[[ Dataset open ]]

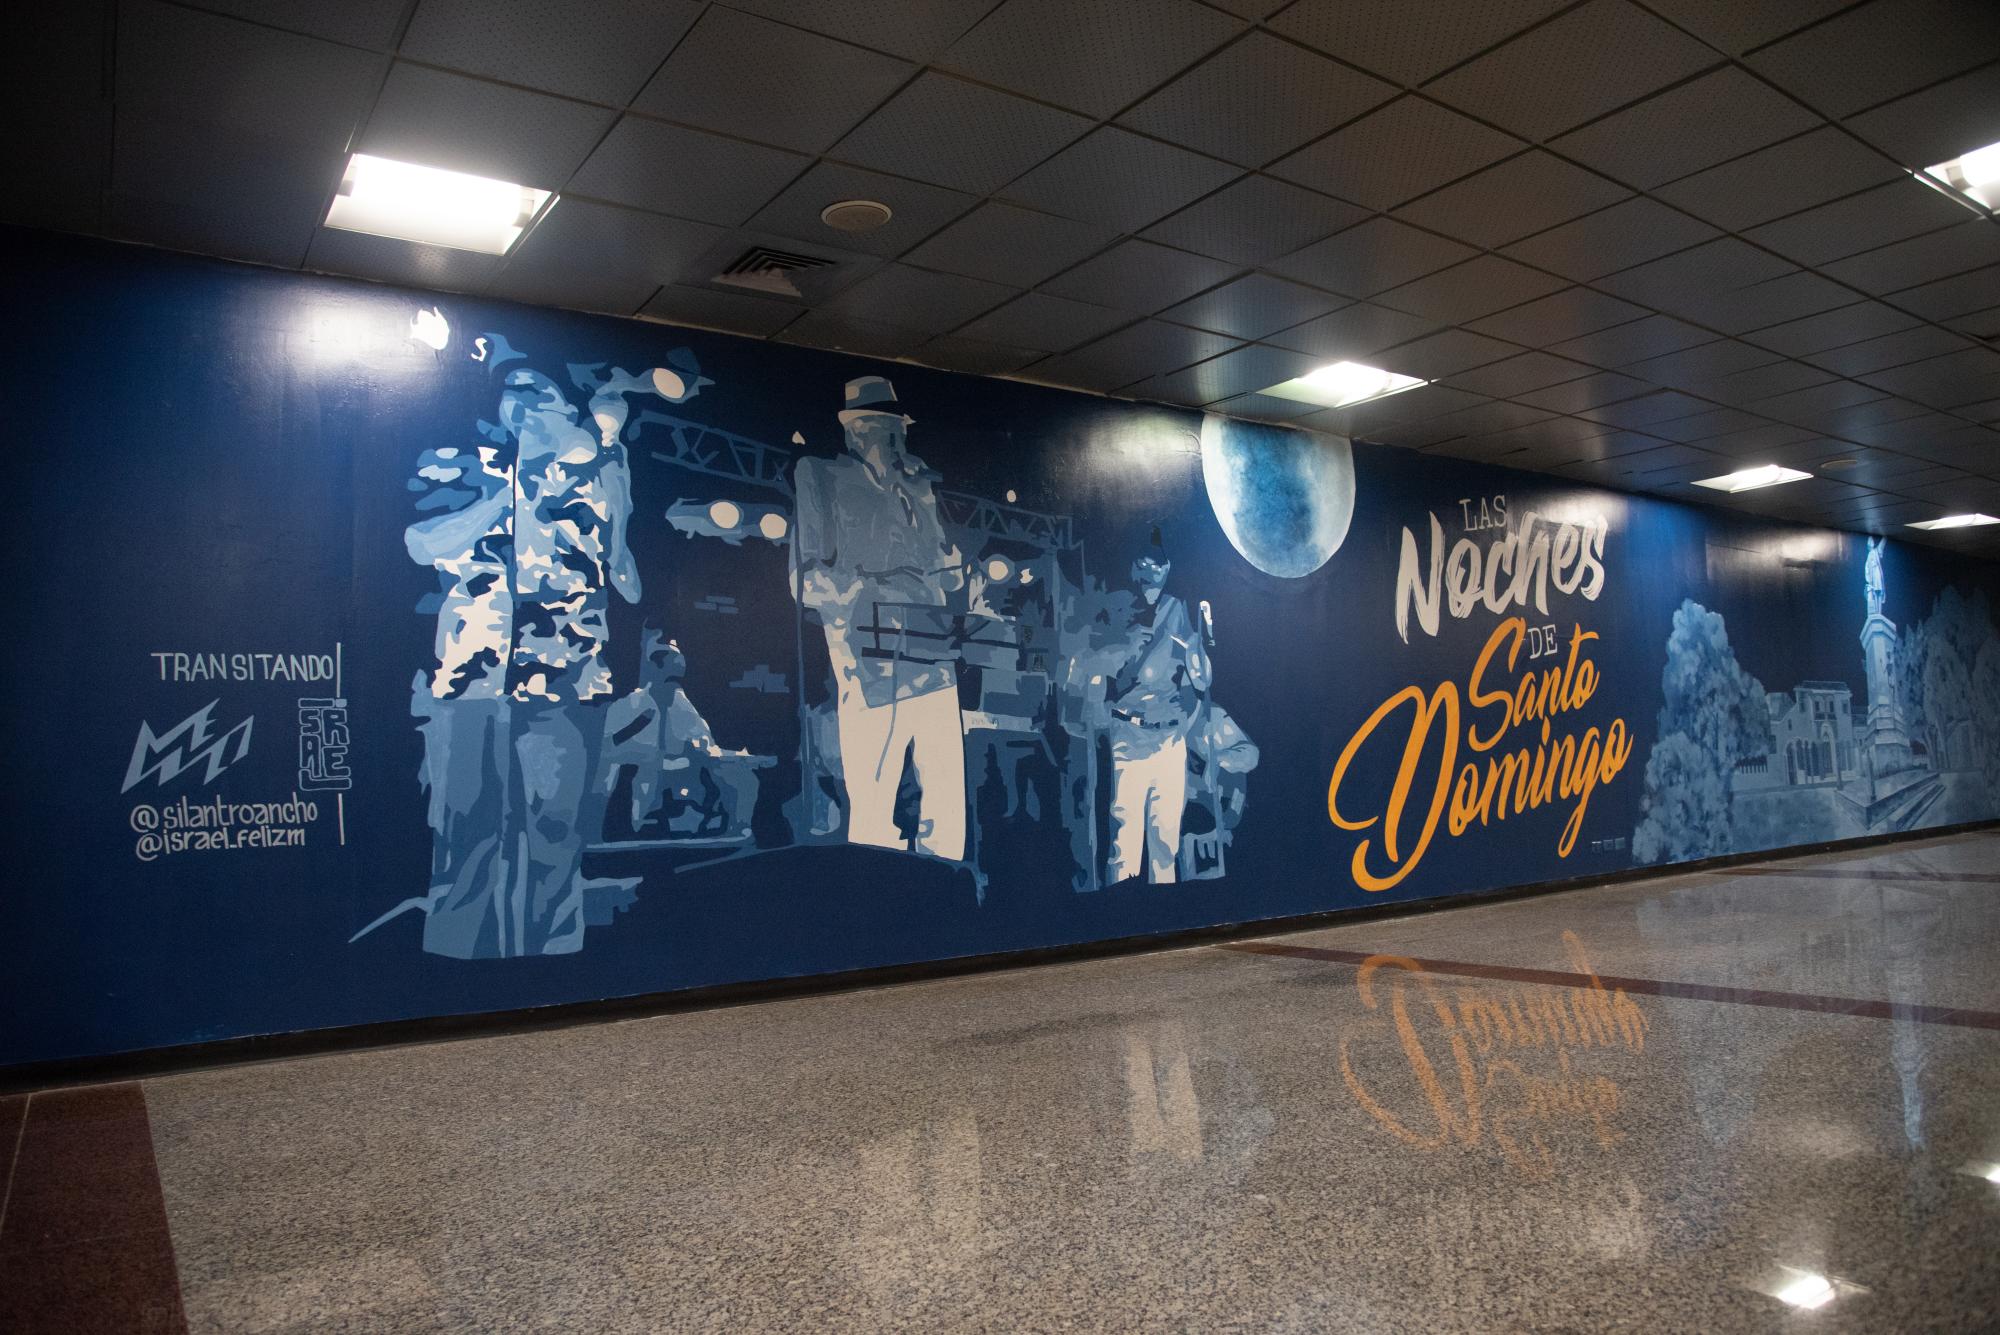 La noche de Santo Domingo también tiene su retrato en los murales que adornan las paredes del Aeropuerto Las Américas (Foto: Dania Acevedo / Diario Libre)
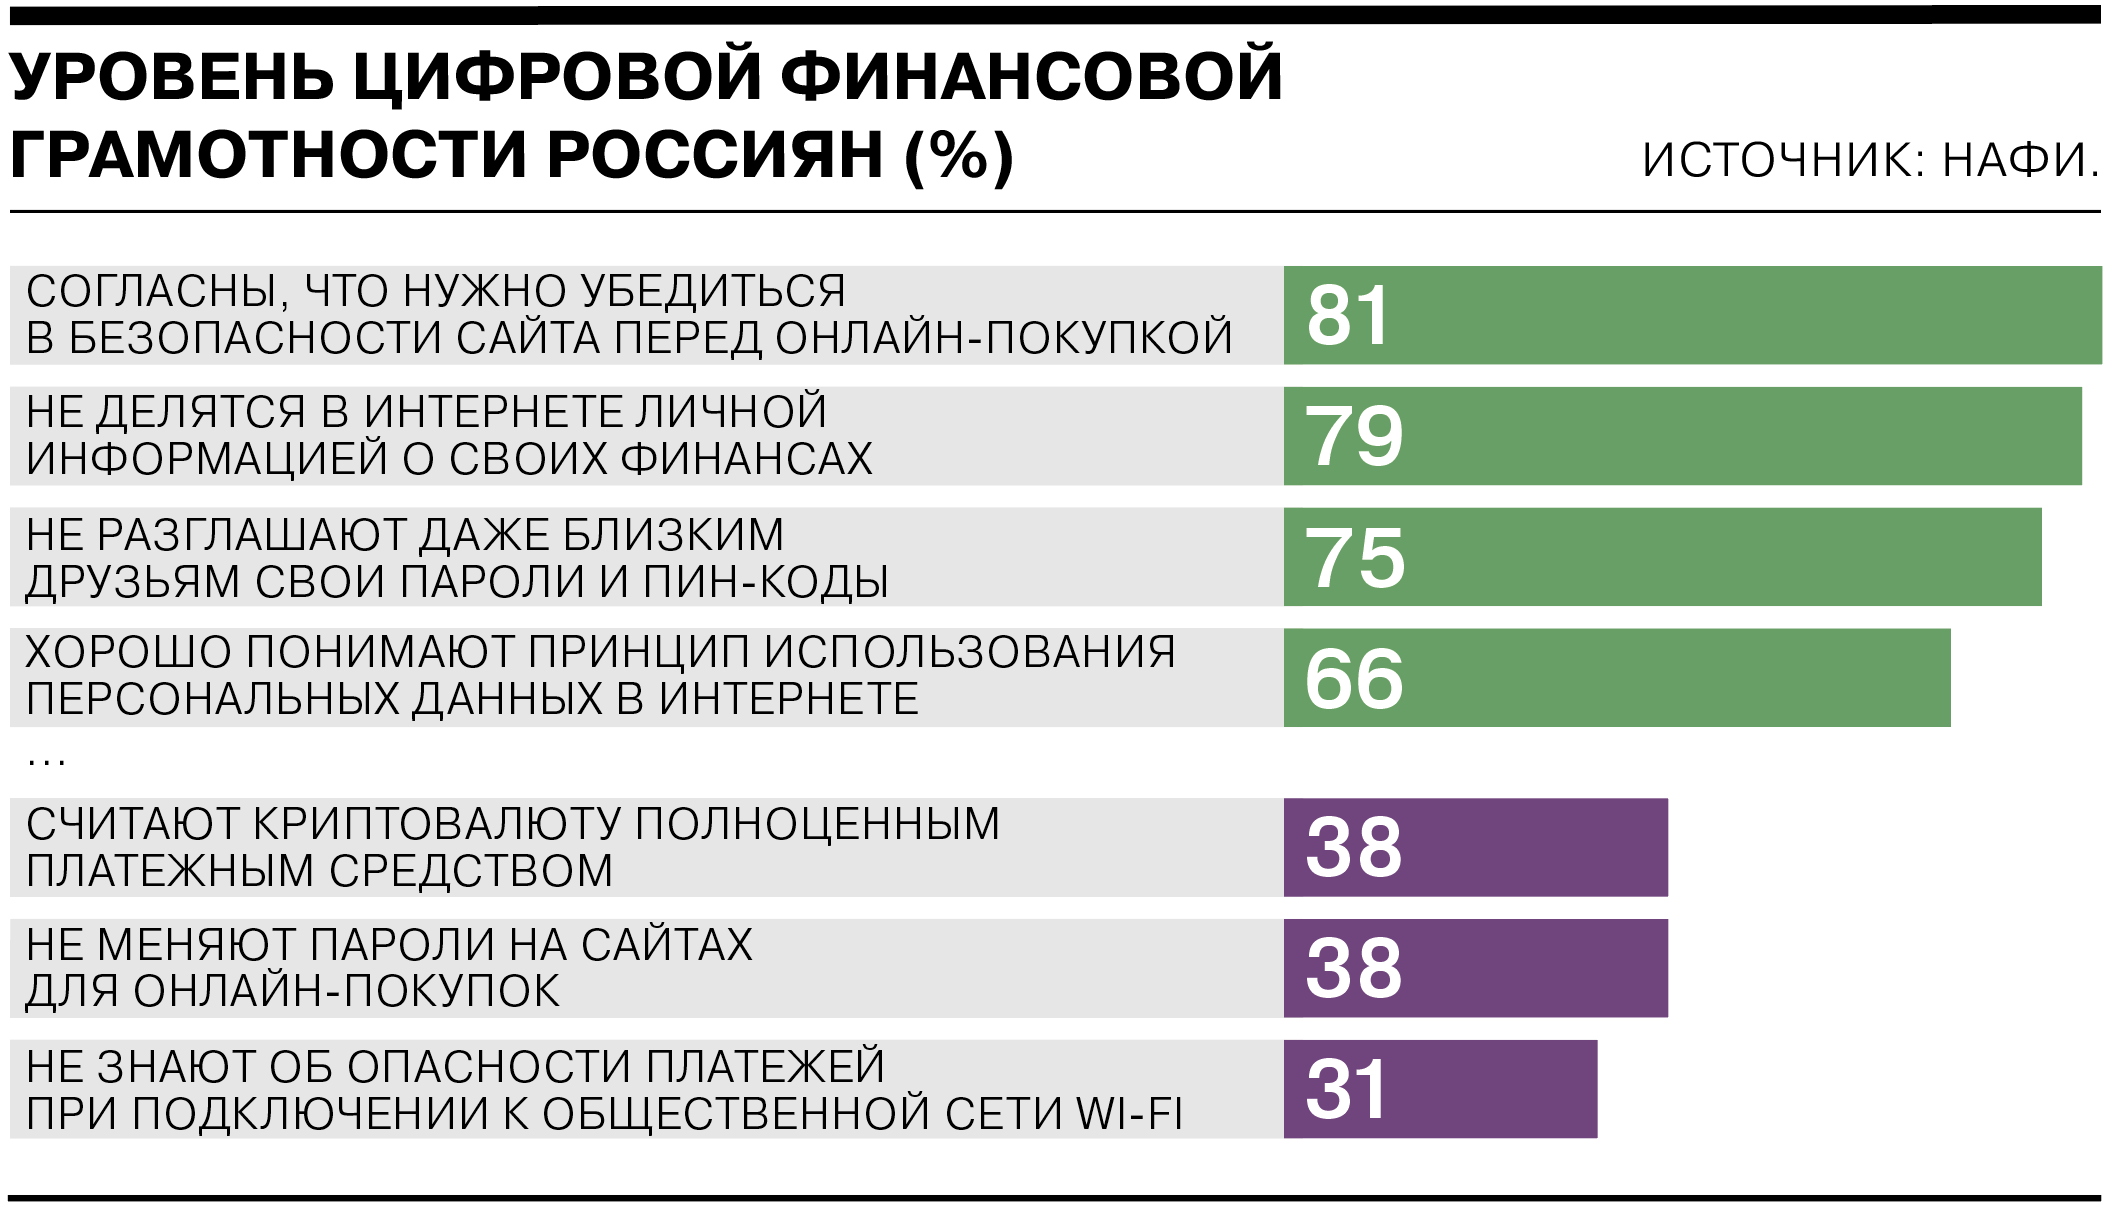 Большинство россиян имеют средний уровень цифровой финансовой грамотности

[[ Dataset closed ]]
[[ Dataset open ]]

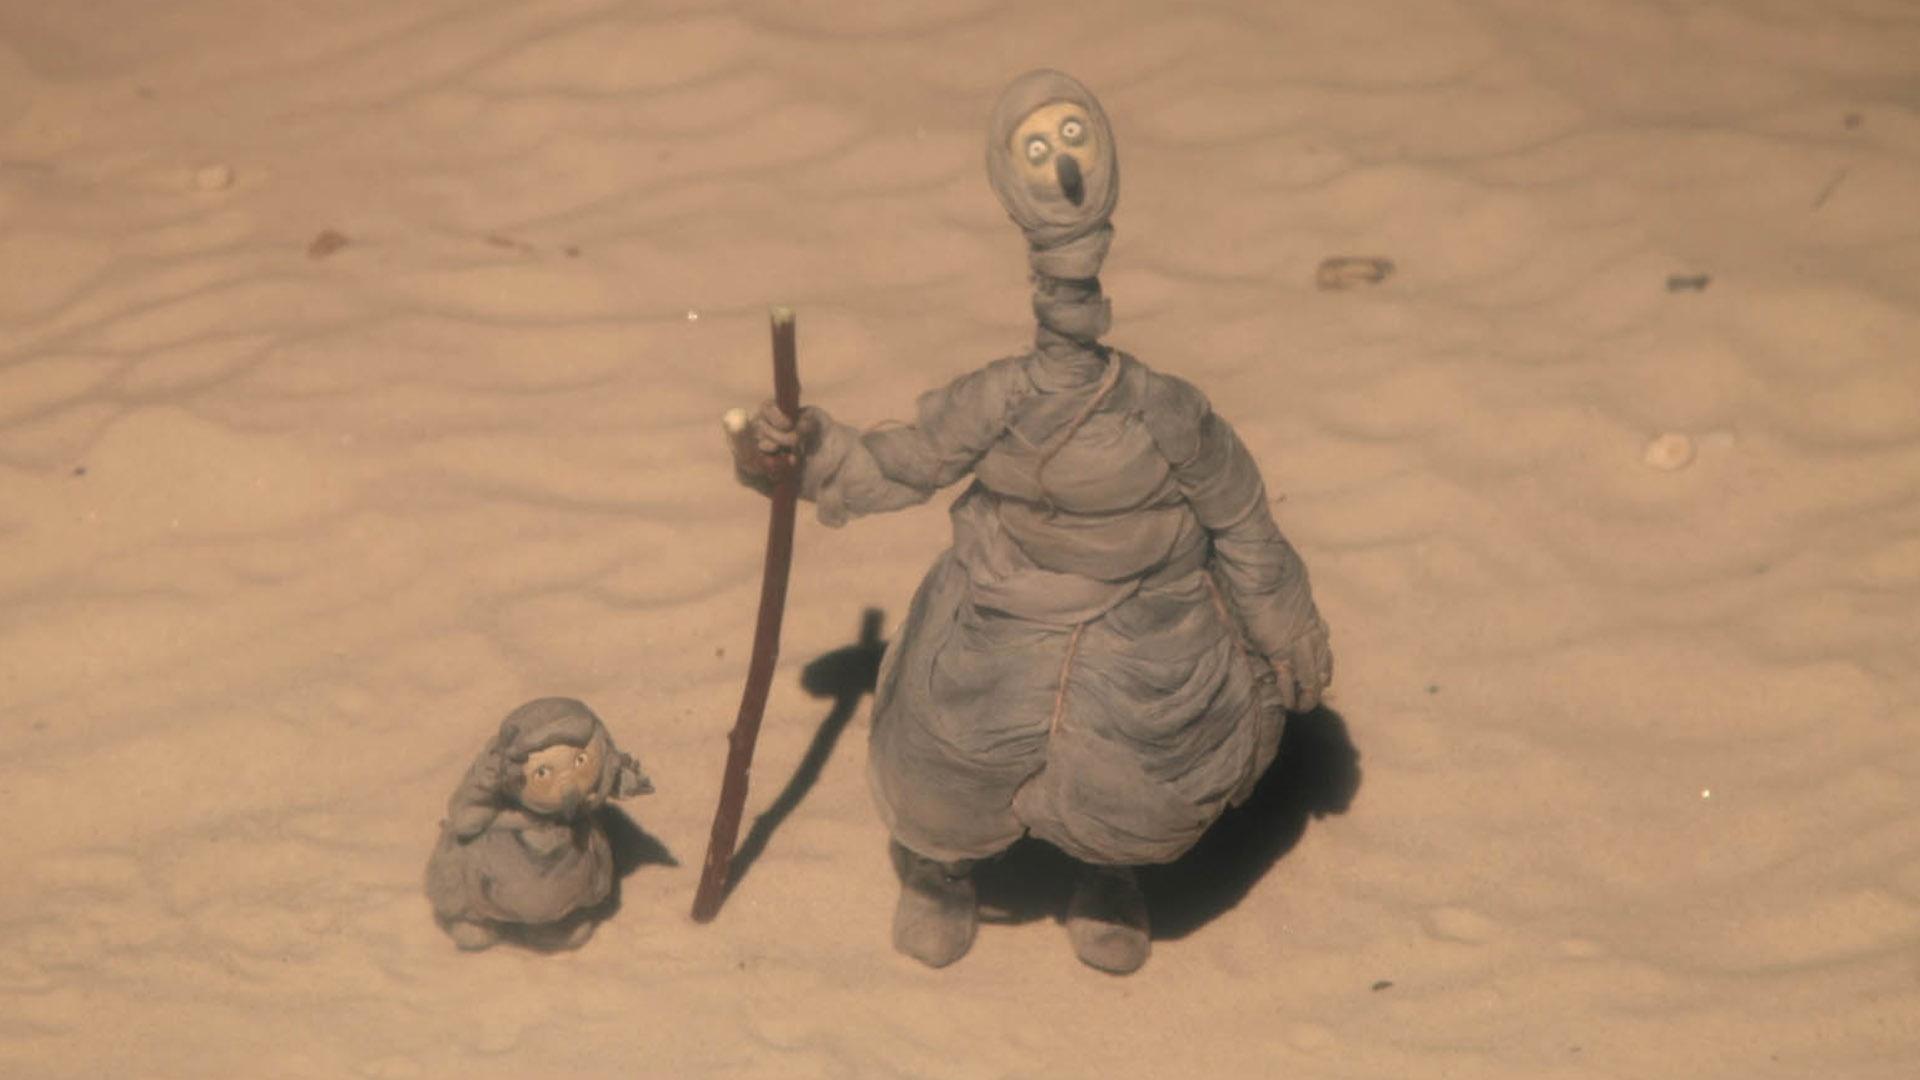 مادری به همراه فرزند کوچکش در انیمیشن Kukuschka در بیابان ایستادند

[[ Dataset closed ]]

**Task to carry out**
Reproduce exactly the lines above starting at the line containing "La noche de" and ending at the line containing "Большинство россиян имеют", including both, but not the pictures.

**Result of this task**
 La noche de Santo Domingo también tiene su retrato en los murales que adornan las paredes del Aeropuerto Las Américas (Foto: Dania Acevedo / Diario Libre)
 Большинство россиян имеют средний уровень цифровой финансовой грамотности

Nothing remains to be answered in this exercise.